Por esta razón las antropologías sedentarias -universalmente- parecen incorporar auténticas instituciones miméticas (entendidas a lo Norberto Elias), siendo la más importante las religiones formales (que a grandes rasgos combinan la vivificación metabólica y fisiológico-estética con horizontes conceptuales verdaderamente epistémicos). Pero, además, resulta históricamente necesario habilitar espacios de una violencia controlada que ritualizan o convierten en juego no físicamente cruento, la imposición humana de unos frente a -y sobre- otros: evidentmente, la relación entre rituales religiosos y espectáculos artísticos o deportivos es fácil establecer, siempre que se tenga en cuenta la ya argumentada importancia histórica de las religiones (en tanto habilitación de espacios epistémicos, cosa de la que carece lo deportivo). Es asimismo evidente que la experiencia simplemente estética -en cuanto instituciones artísticas consabidas- recrea una misma experiencia metabólica que, como la vida misma, invita al espectador-lector a definirse nuevamente como sujeto homeostático socializado–y esto como recreación o simulacro casi indéntico a la interactuación real humana.

Esta forma de desdoblamiento de la vivencia moral humana, respecto inicialmente un plano corporal real que atañe a multilples personas in corpore, frente a unas vivencias que, en tanto programadas culturalmente de alguna manera, acentúan la vivencia metabólica al mismo tiempo que reducen las consecuencias corporales, ocupa algo así como la centralidad de la experiencia sedentaria.
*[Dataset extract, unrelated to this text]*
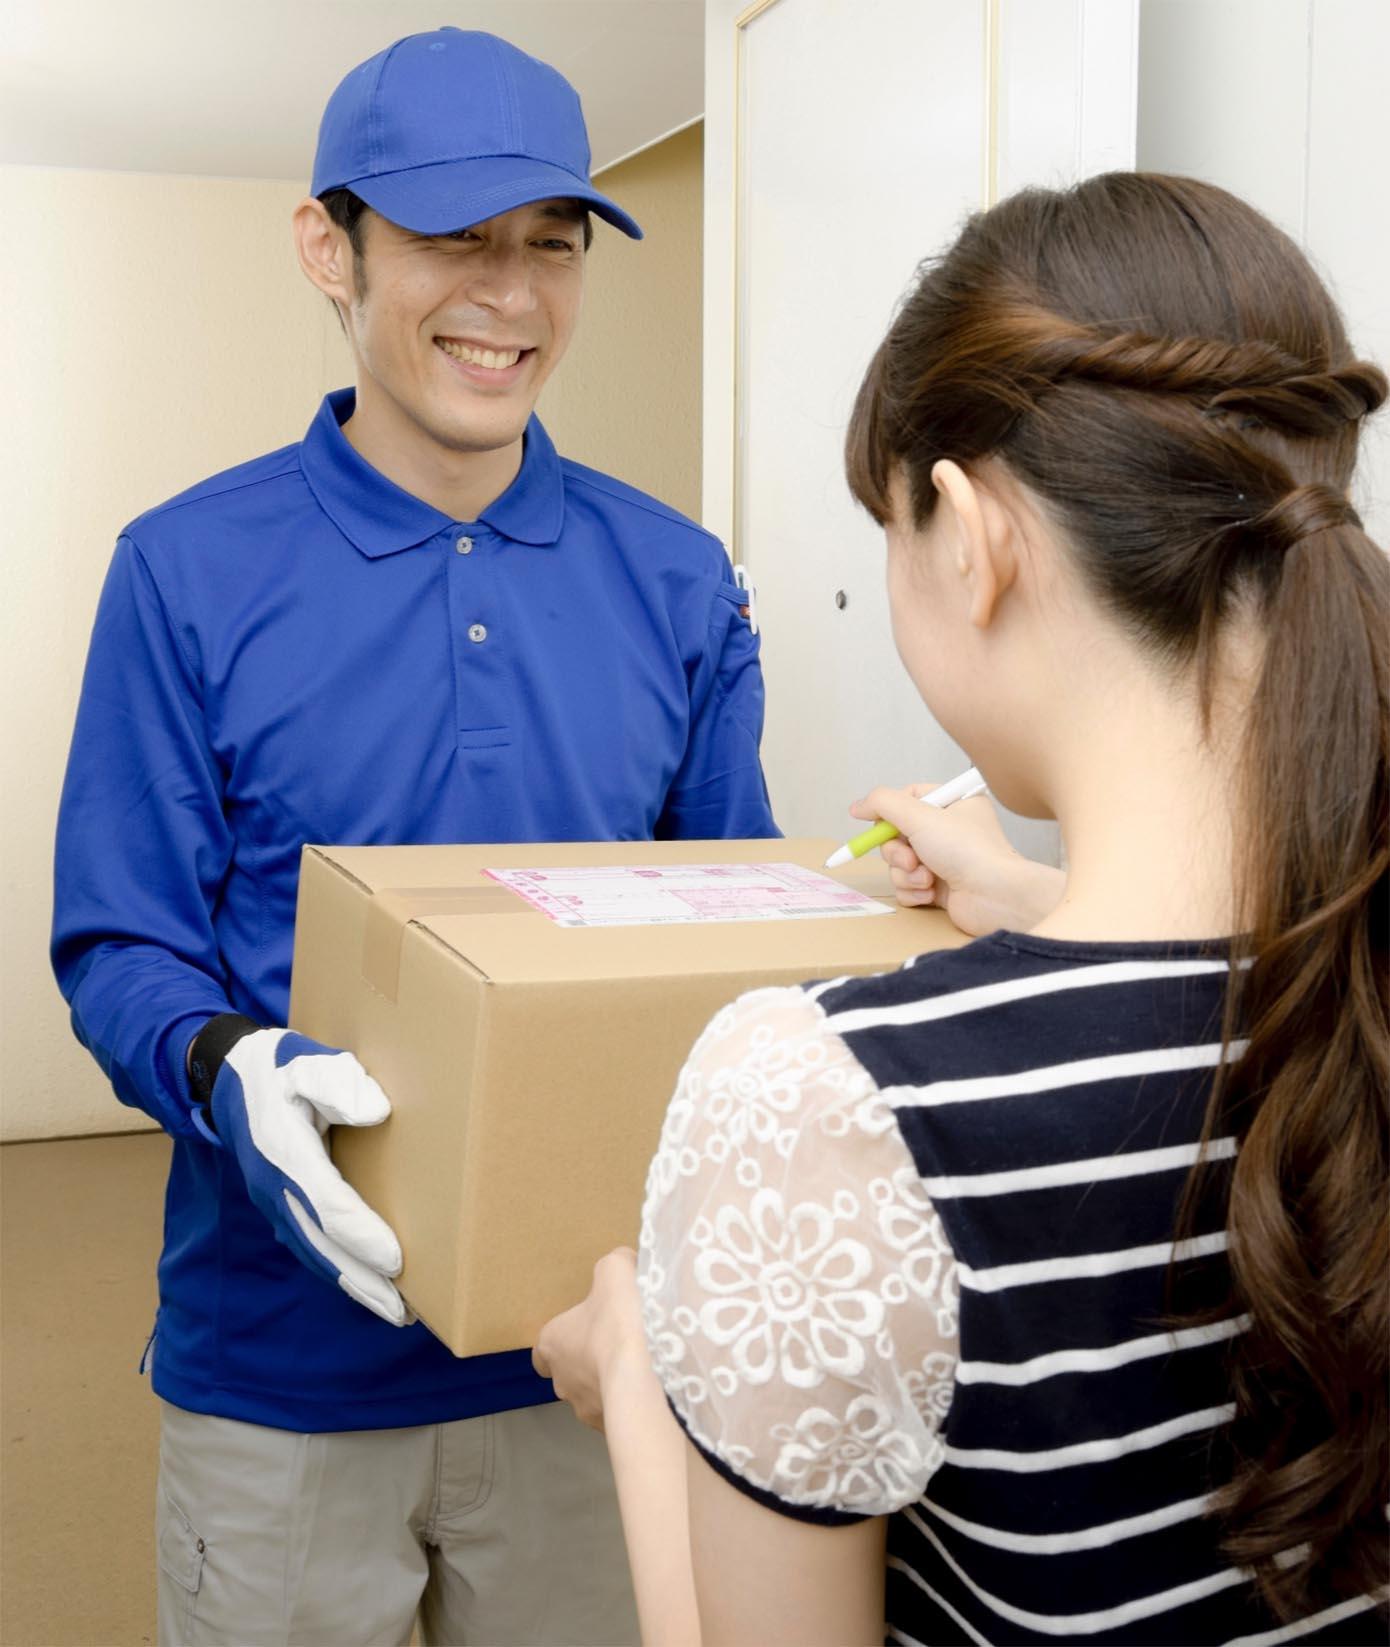 amazon-adp-delivery-provider

De tal forma que la imposicón humana que espolean simplmente los procesos homeostáticos que nos rigen individualmente -aún bajo el necesario dominio de un orden político-sedentario impuesto que se alza en adelante como única violencia légitima-, la podemos seguir gozando en todo nuestro ímpetu hedonista y vital, pero ahora atados al cordel secreto que nos ciñe por dentro y que es el yo moral sujeto, sociohomeostáticamente, por los otros.
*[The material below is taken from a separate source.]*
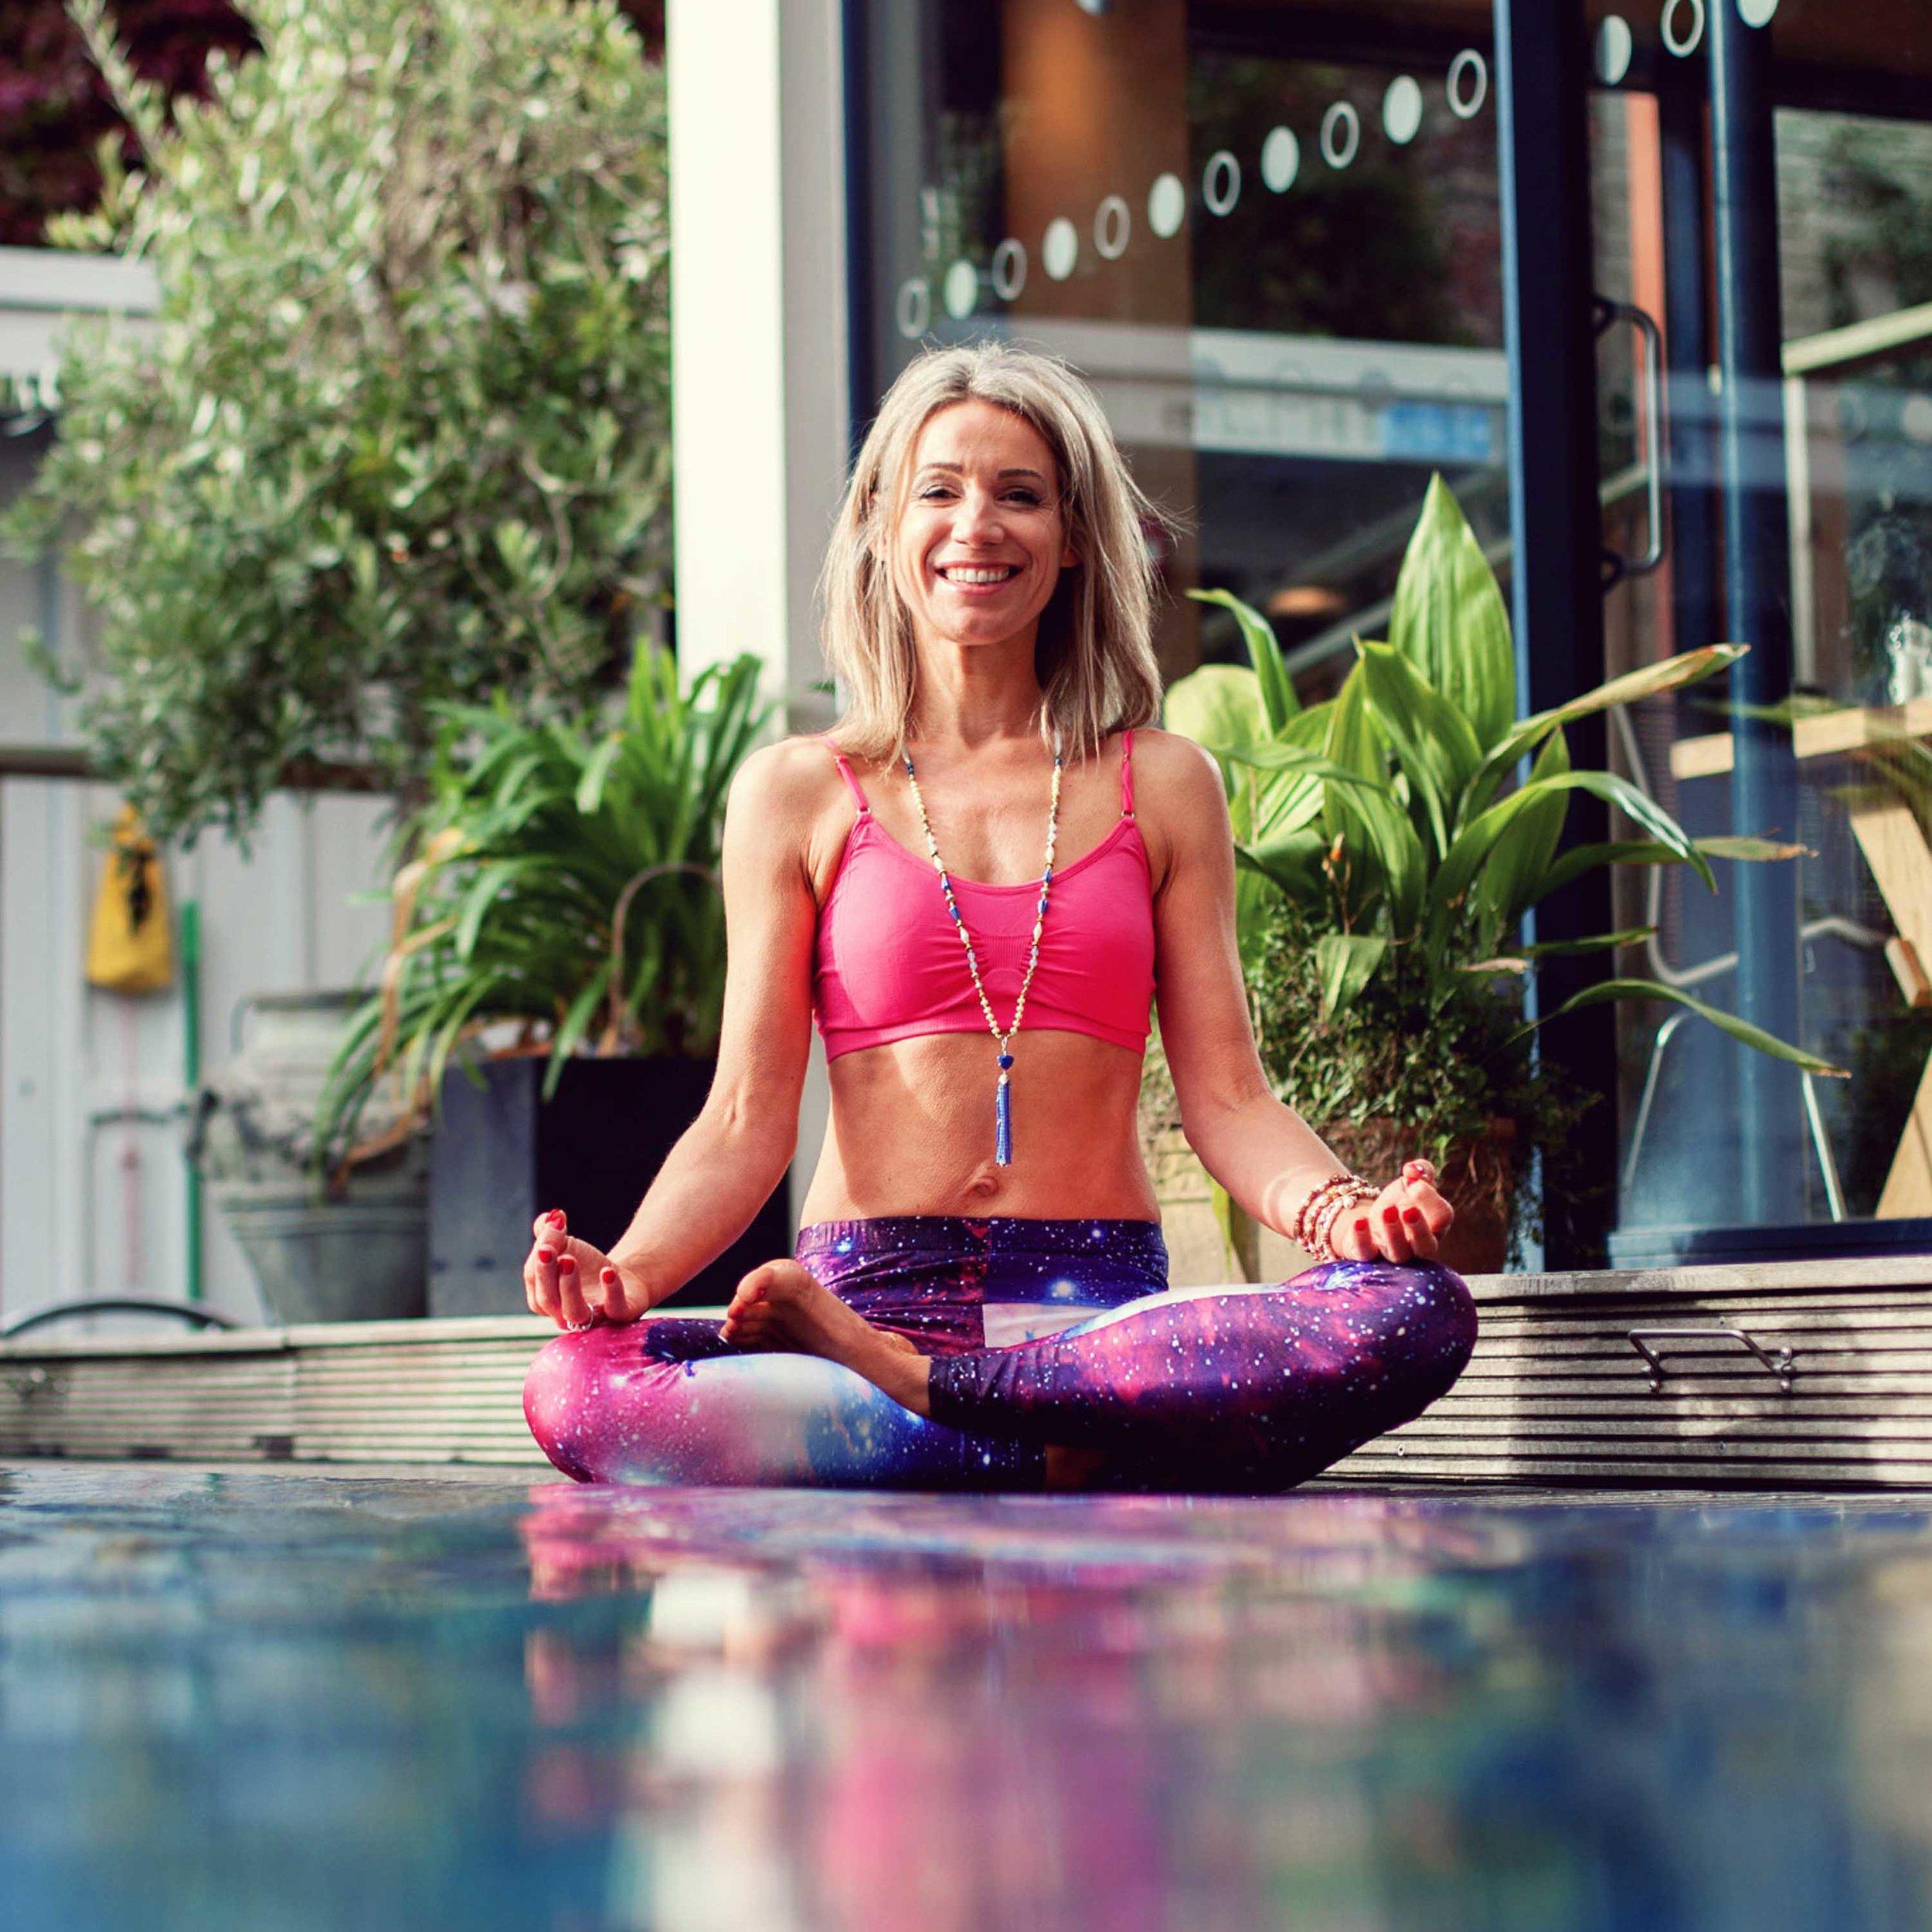 Yoga teacher Bristol,UK. Online Yoga for mums. Online Busy mums yoga. Online Beginner yoga for mums. Online Pregnancy Yoga. Online Postnatal yoga. Online fitness yoga for mums. Online Weight loss yoga for mums. Yoga classes henleaze, Westbury Park, Redland, Bristol. Private Yoga Bristol

Y por tanto no solo es útil en este sentido la transgresión en mayor y menor medida de lo consabido (porque el desafiarlo es habilitarlo para que nuevamente se imponga y se refuerce), sino que toda transgresión observada como espectáculo es asimimso metabólicamente útil en tanto sustancia nutritiva -en ese sentido esctructural- que, fugazmente, pone en entredicho el orden racional-cultural, lo que supone asimismo una oportundidad de un nuevo fortalecimiento. Pues solo así por medio de esta función dionisíaca de nuestra exposición a la vivificación metabólica, una y otra vez, puede requerirse e incoativamente sustanciarse, nuevamente, la razón humana en su vertiente cultural.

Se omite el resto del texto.